··· The data ···

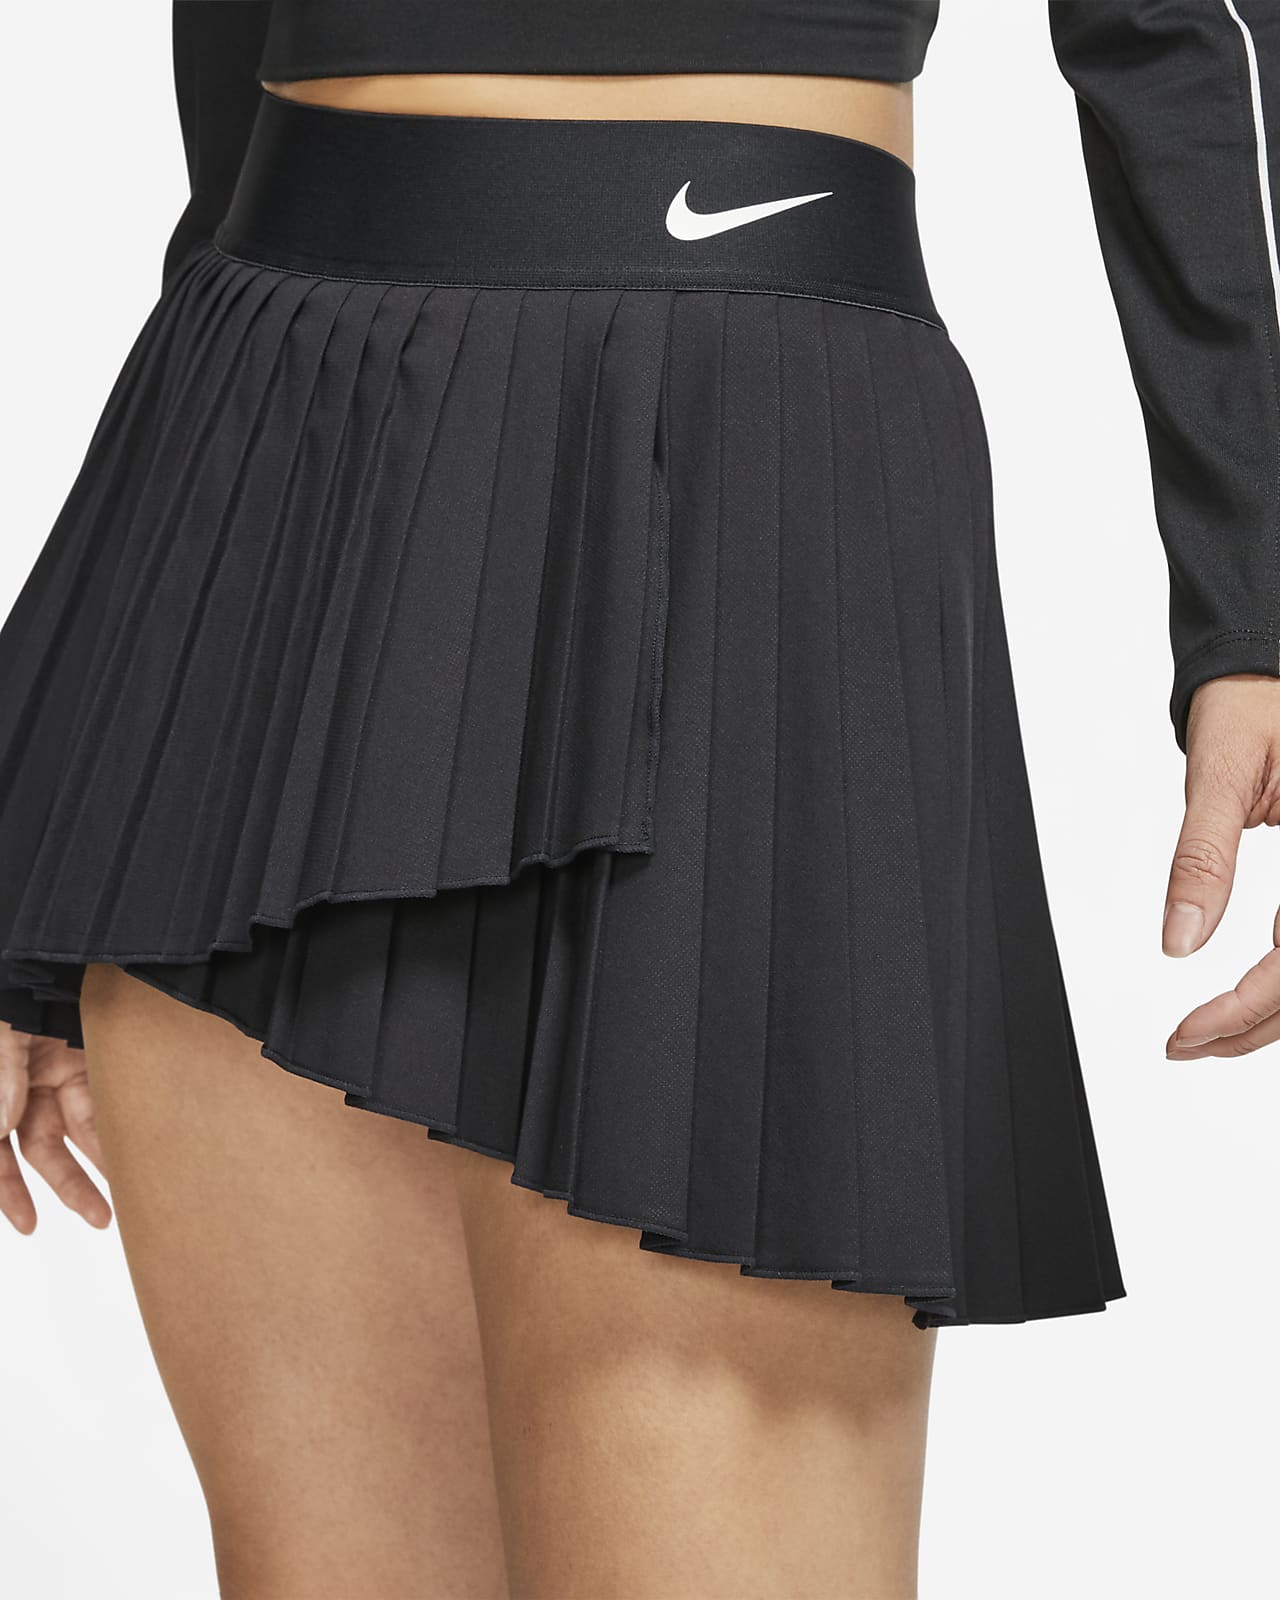 nike women's court victory tennis skirt
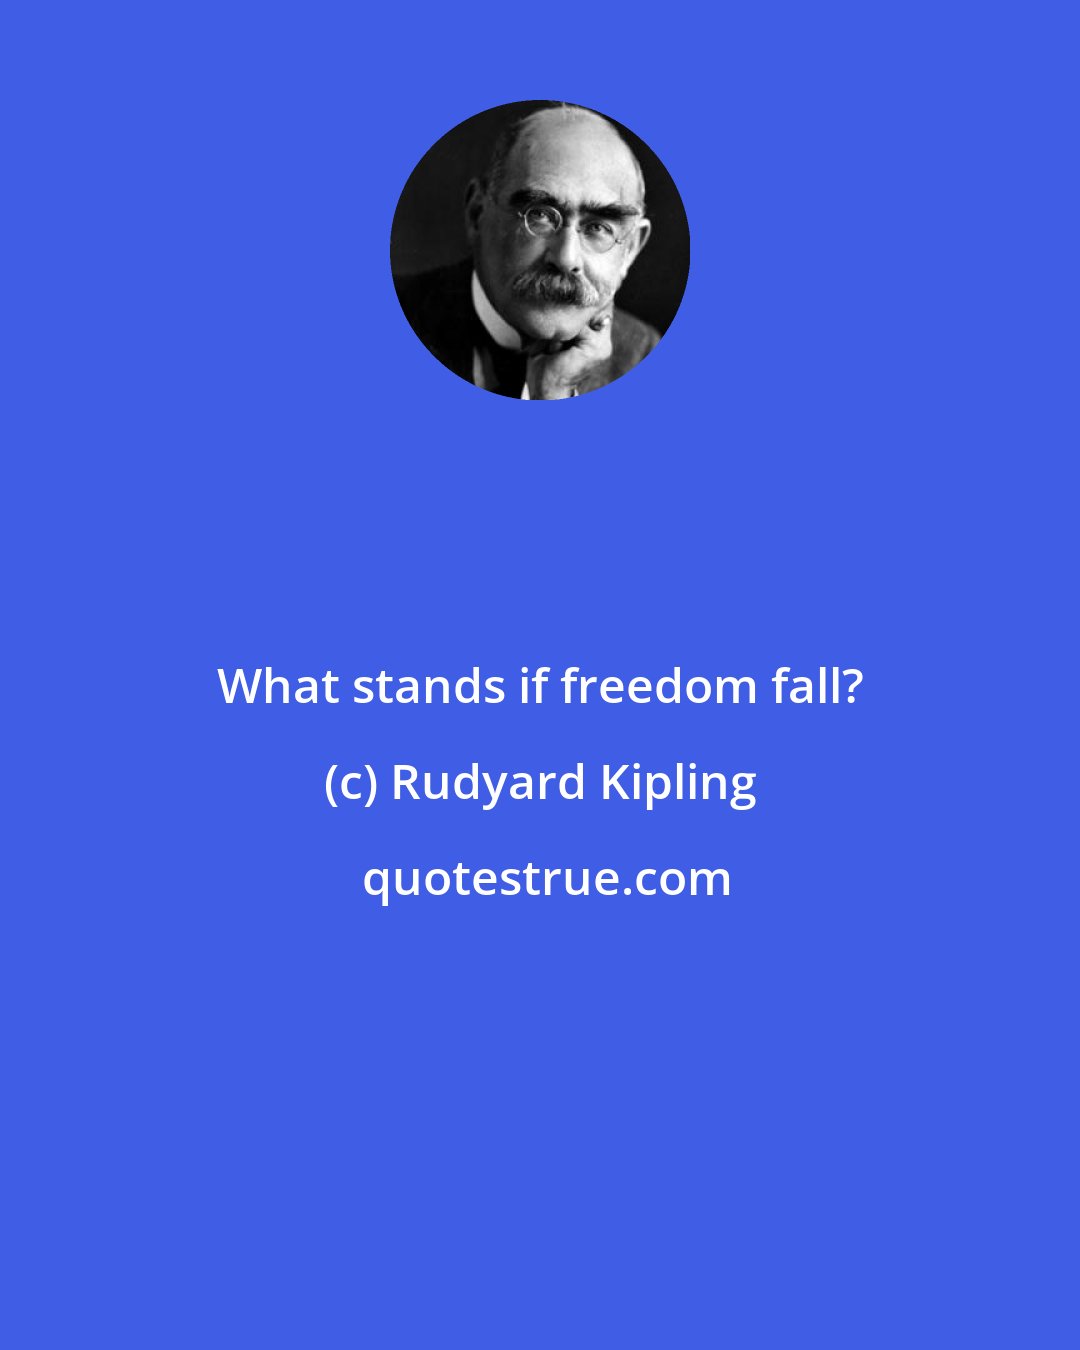 Rudyard Kipling: What stands if freedom fall?
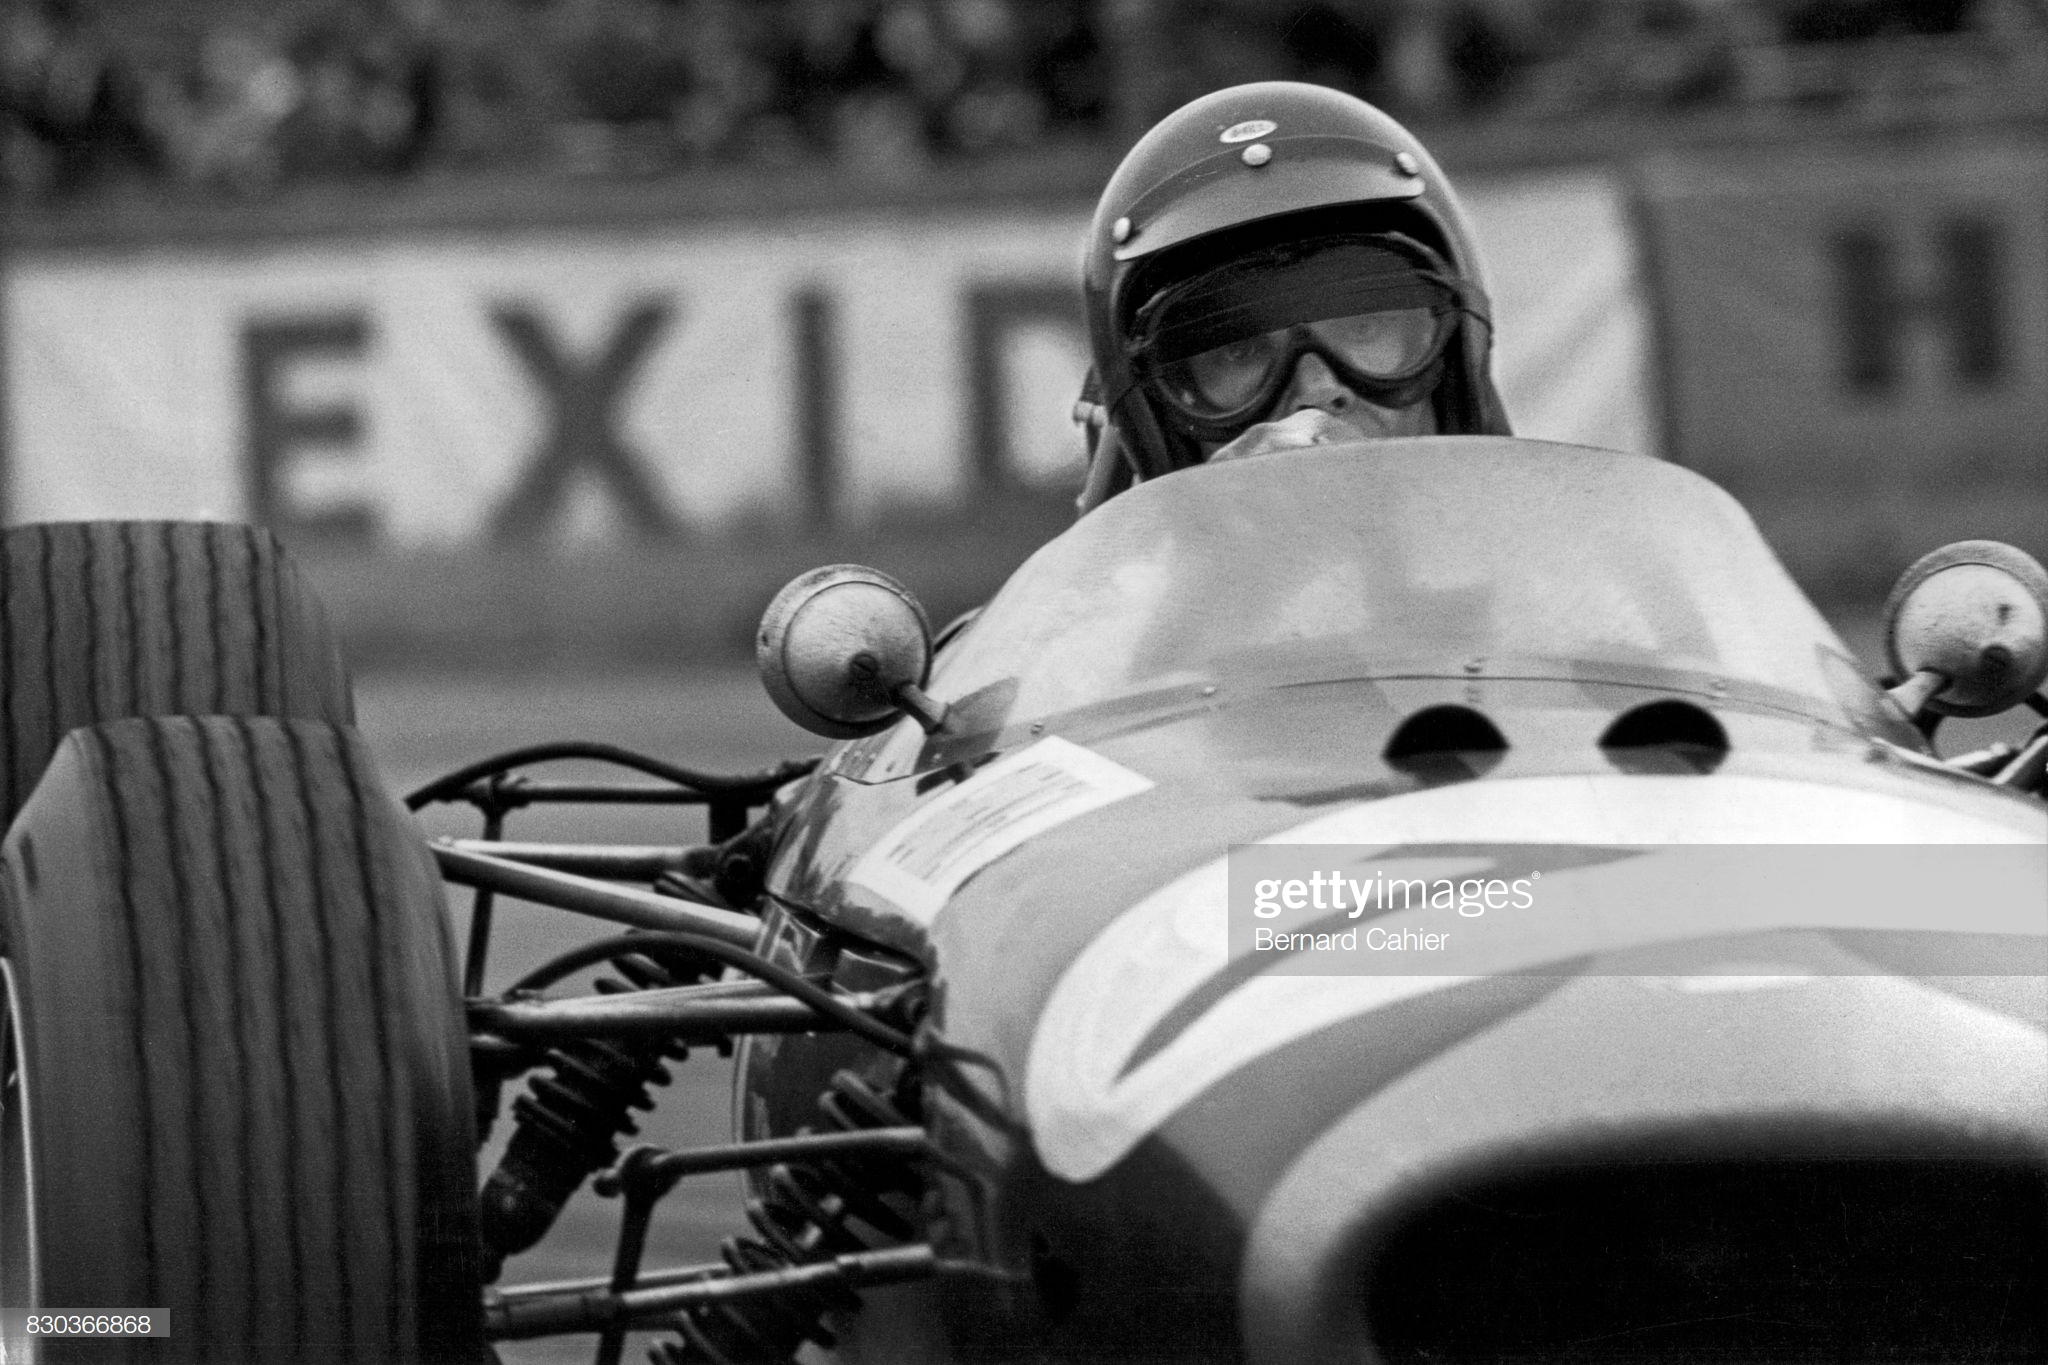 Dan Gurney, Silverstone, 10 July 1965 - Photo by Bernard Cahier/Getty Images
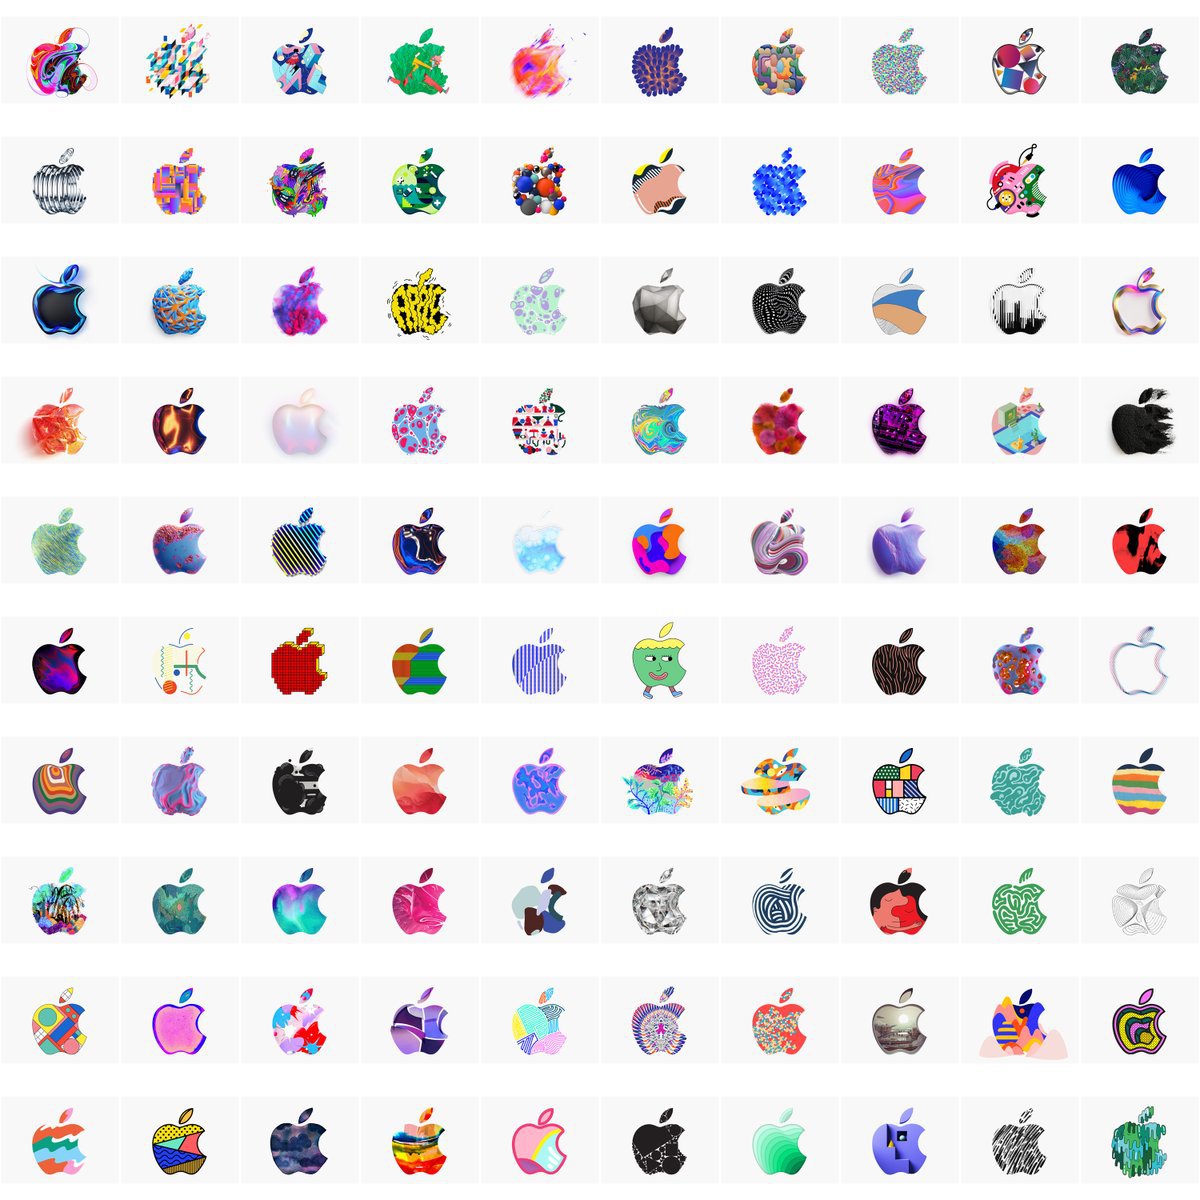 Imagen 001 keynote Apple redisena logos

···

All lines from the one that contains "Dan Gurney, Silverstone, 10" through the last line of the data should be retyped exactly, with the pictures left out.

◆ **Written answer**:
 Dan Gurney, Silverstone, 10 July 1965 - Photo by Bernard Cahier/Getty Images
 Imagen 001 keynote Apple redisena logos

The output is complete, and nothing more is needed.